参考リンク: 橋本努(北海道大学)氏の「学生生活のヒント」。橋本氏は『学問の技法』(ちくま新書、2013年)という本も出しています。


3 学術的な探究の技術

 以下では、学術論文を書けるようになるための手順を、段階を追って略述します。

3-1. レジュメの作成

(1)レジュメとは何か

 レジュメとは、対象となる本や論文の構成と要点を的確にまとめ、それにたいする疑問点・論点を提示したものです。レジュメを作成し、口頭で報告することは、学術的な文章を予断を入れずに正確に理解し、自分の言葉で説明するための訓練に相当します。

(2)レジュメの作り方

・図式化

 レジュメで最も重要なことは、文献の構成を図式化(チャート化)し、明示することです。
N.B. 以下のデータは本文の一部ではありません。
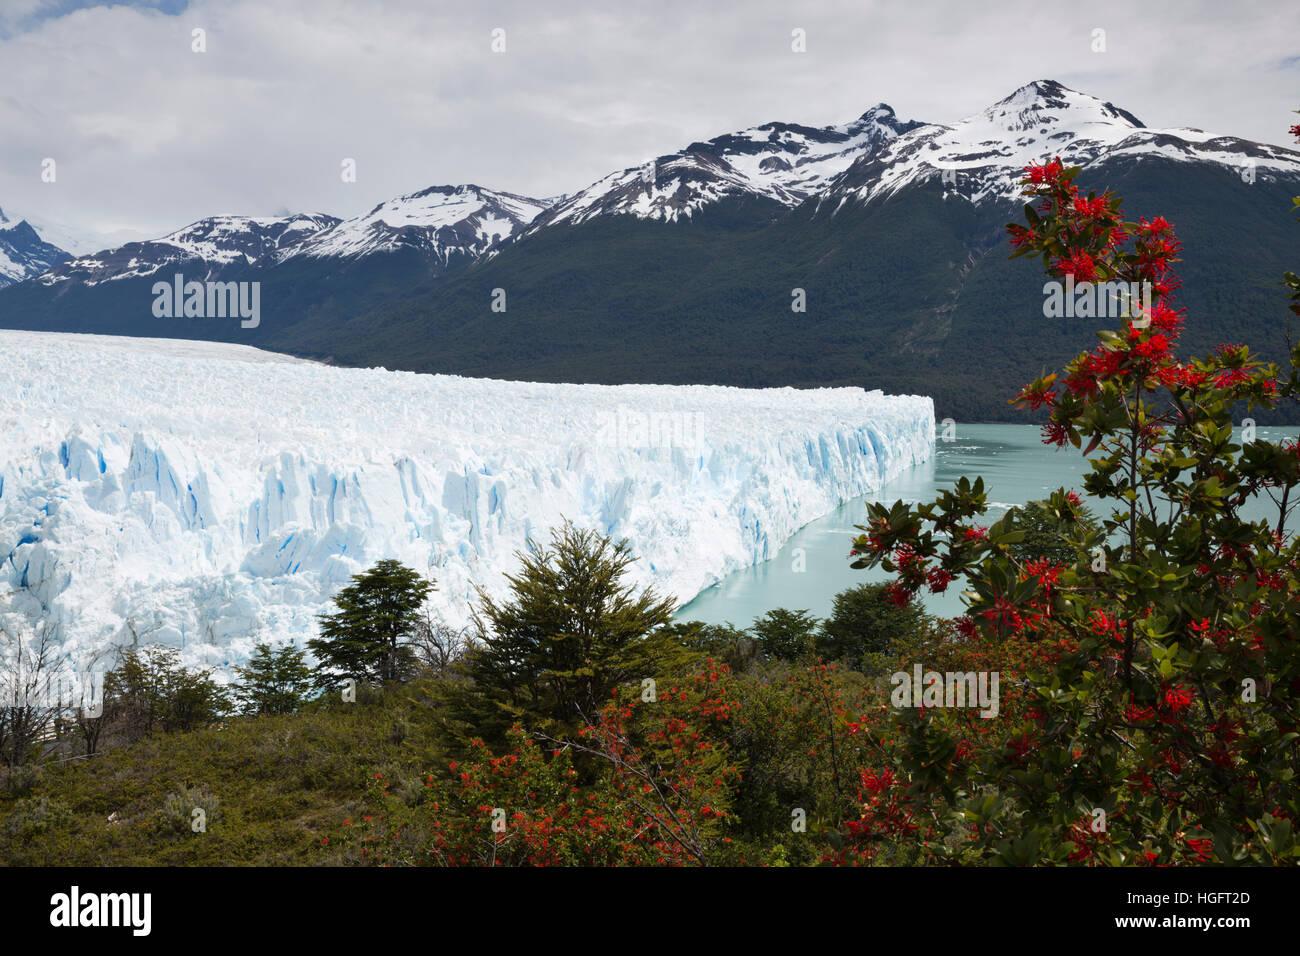 Perito Moreno-Gletscher am Lago Argentino, El Calafate, Parque Nacional Los Glaciares, Patagonien, Argentinien, Südamerika Stockfoto

全体の論理構造がひと目で分かるような工夫が必要になります。

 例 矢印、太字、四角で囲む、波線など

 文献の構成が一貫していなかったり、見出しが付いていなかった場合は、自分で再構成したり、よりよい「見出し」を付けたりすることも必要になります。

 例 新聞の紙面: 大見出し → 小見出し → 概要 → 本文

・箇条書き

 レジュメの基本は、文章ではなく箇条書き(体言止め)です。直接の引用は全体のキーワード(と核心的な文章)のみにとどめ、できるかぎり自分なりにまとめなおします。

・ページ数をつける

 自分用のレジュメであれ、報告用のレジュメであれ、適時ページ数を入れて、文献のどの部分を要約したのかを明示しておくことをおすすめします。自分で論文を執筆するさい、何ページの要約であったのかがレジュメに書いていないと、もう一度本を読みなおすことになってしまい、大変非効率です。

・論点の提示

 それ以外に注意すべき点として、文献の内容と、自分の意見や論点を区別する、という点があります。疑問点や論点は、要約とは区別し、最後にまとめるようにします。

 なぜレジュメの最後に論点を入れる必要があるのでしょうか。文献の内容を理解するだけでなく、著者の主張をより発展させ、現代の問題と結びつけたり、他の本の議論と対比したり、自分の立場から批評を加えたりすることは、将来自分なりの「リサーチ・クエスチョン」を立てるための出発点となるからです。


3-2. 書評

 書評とは、対象となる本の内容を正確に要約し、おなじテーマの研究史の中に位置づけ、最後に自分の視点から批評を加えた文章を指します。書評を書くことは、学術論文を書くための最初の訓練に相当します。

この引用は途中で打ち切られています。